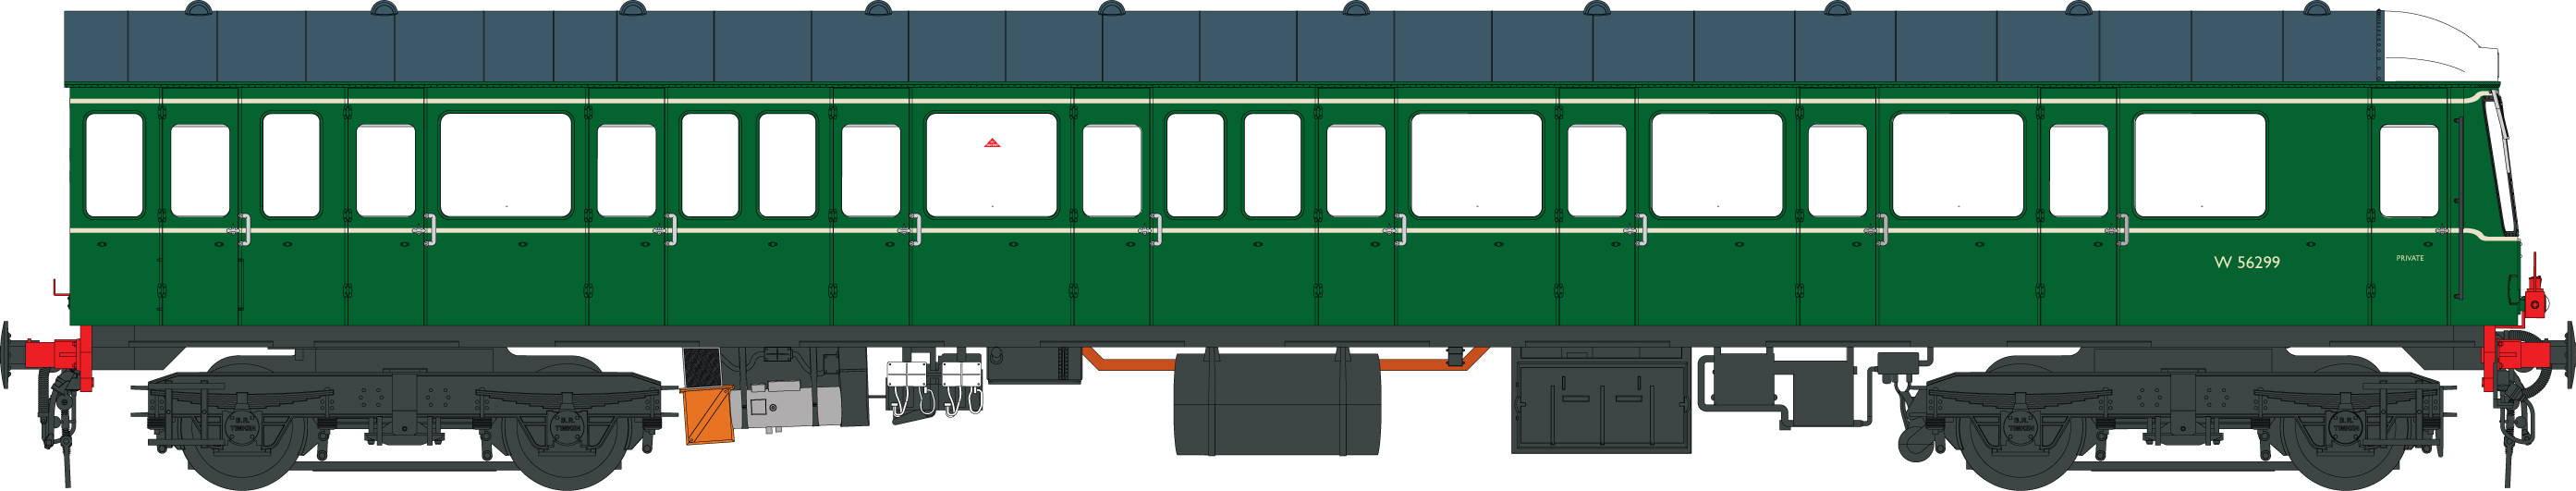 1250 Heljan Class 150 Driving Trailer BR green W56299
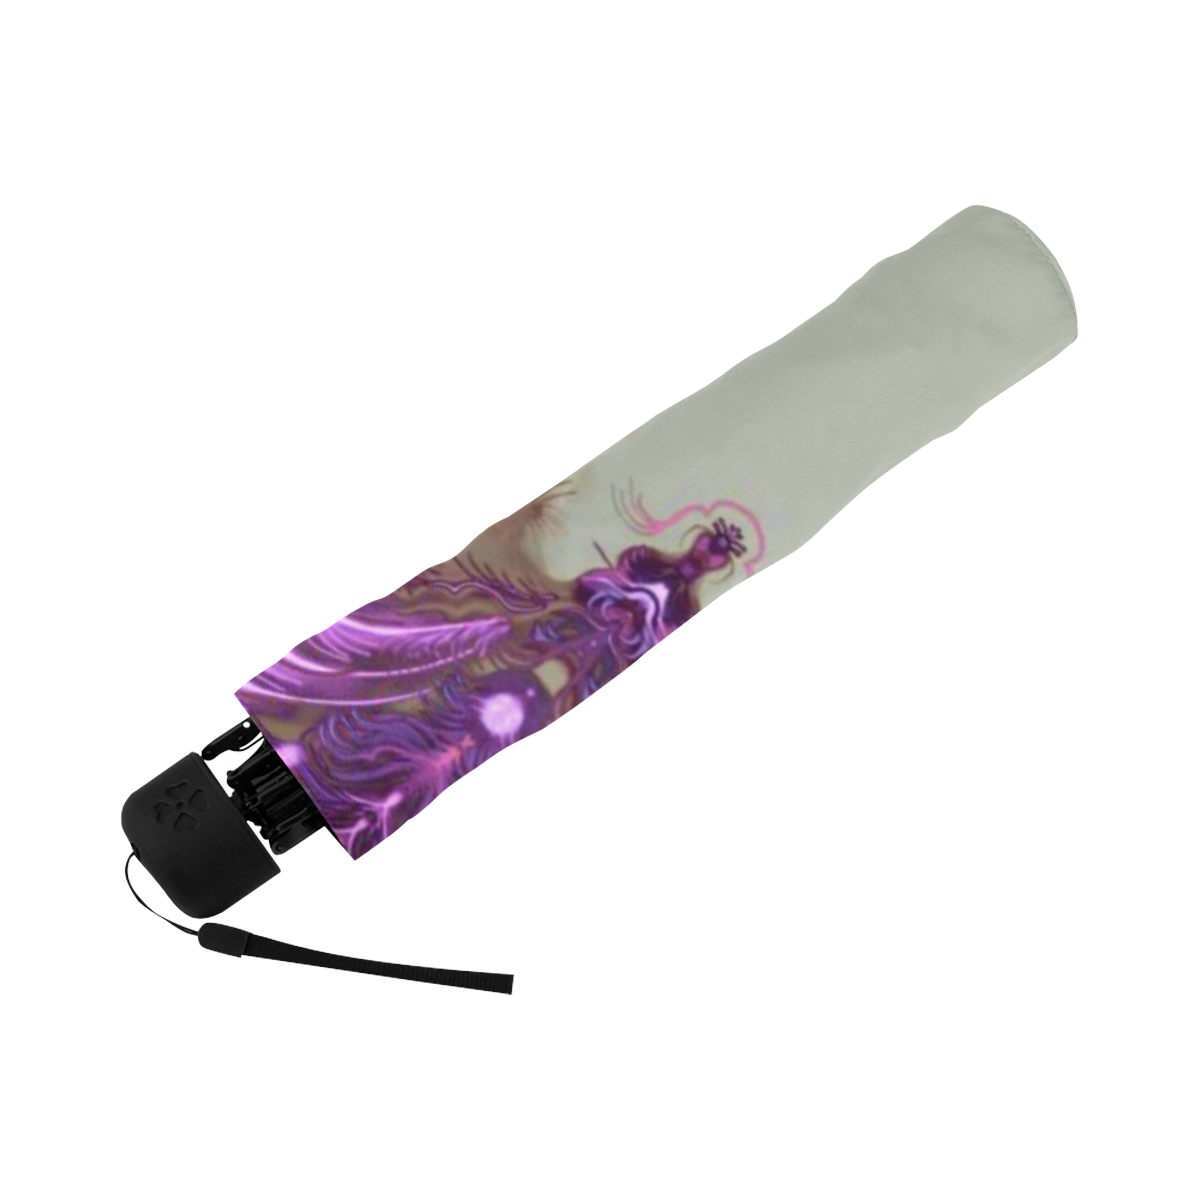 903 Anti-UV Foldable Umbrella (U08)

==

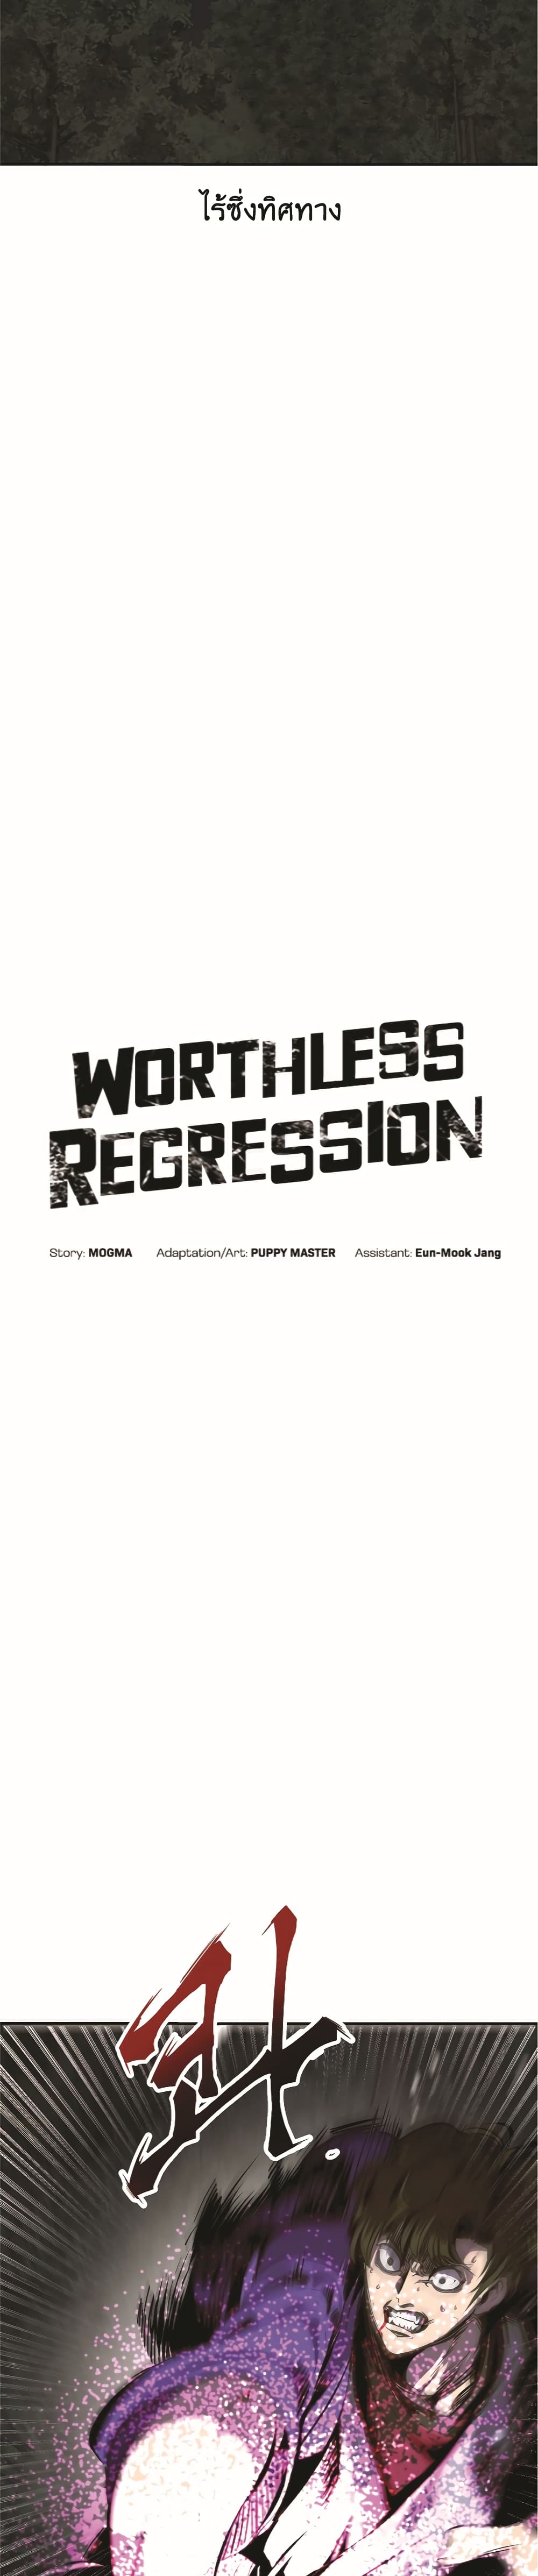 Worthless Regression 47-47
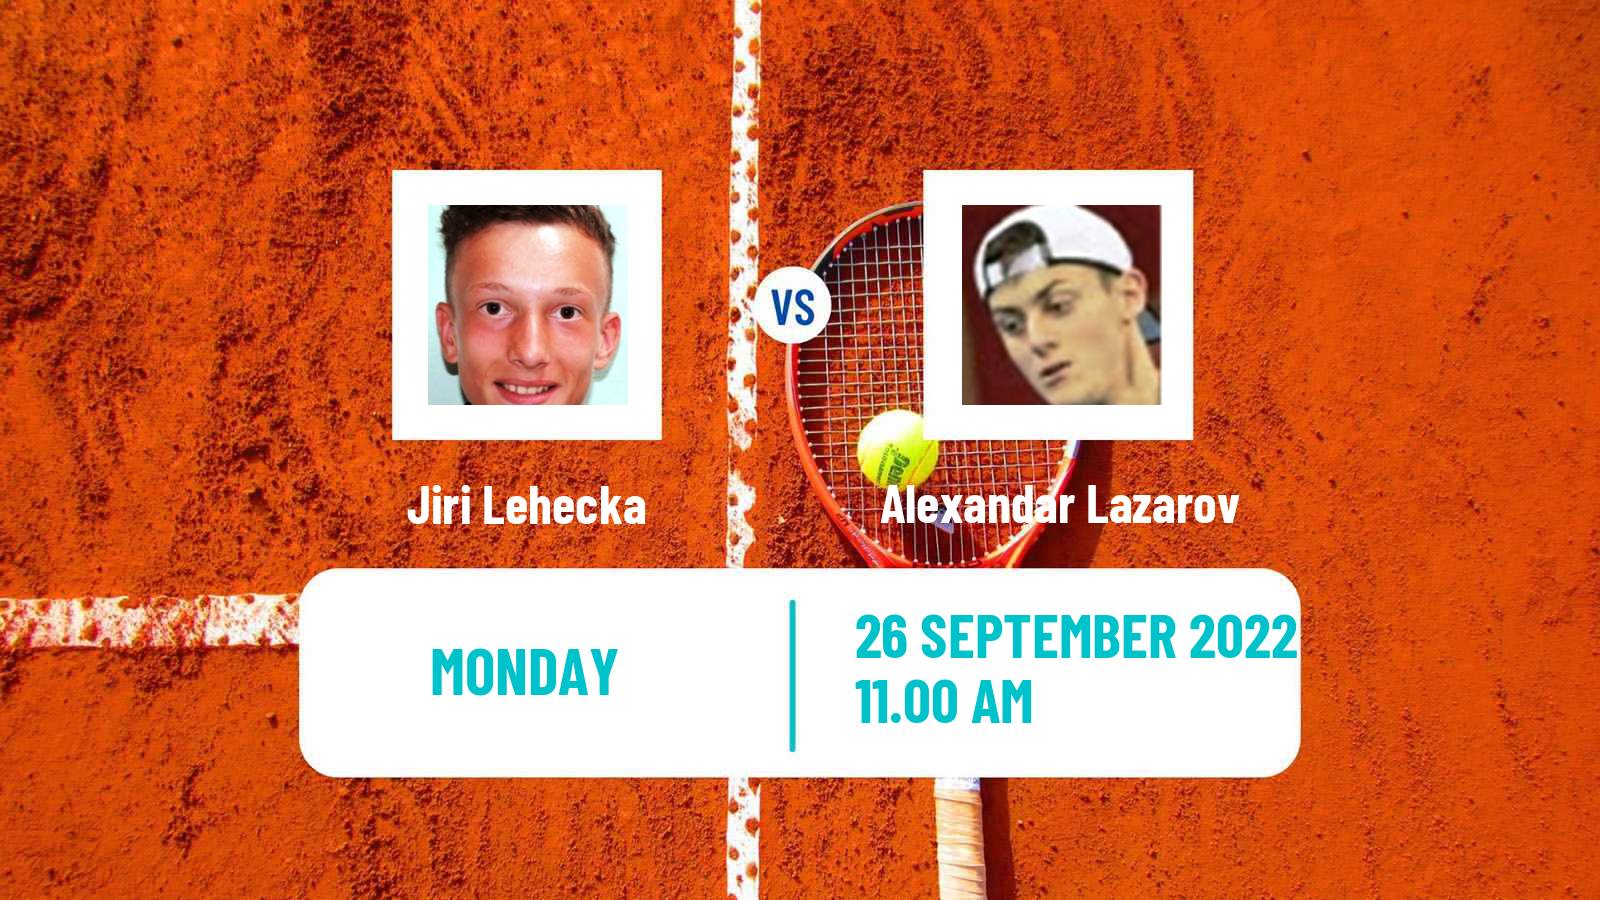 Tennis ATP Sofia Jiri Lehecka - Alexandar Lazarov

▶ **About this exercise**:
Exactly the lines starting at the one above with "1250 Heljan Class" and ending at the one with "903 Anti-UV Foldable Umbrella (U08)" should be printed, and nothing else. Omit the pictures.

▶ **Exercise result**:
 1250 Heljan Class 150 Driving Trailer BR green W56299
 903 Anti-UV Foldable Umbrella (U08)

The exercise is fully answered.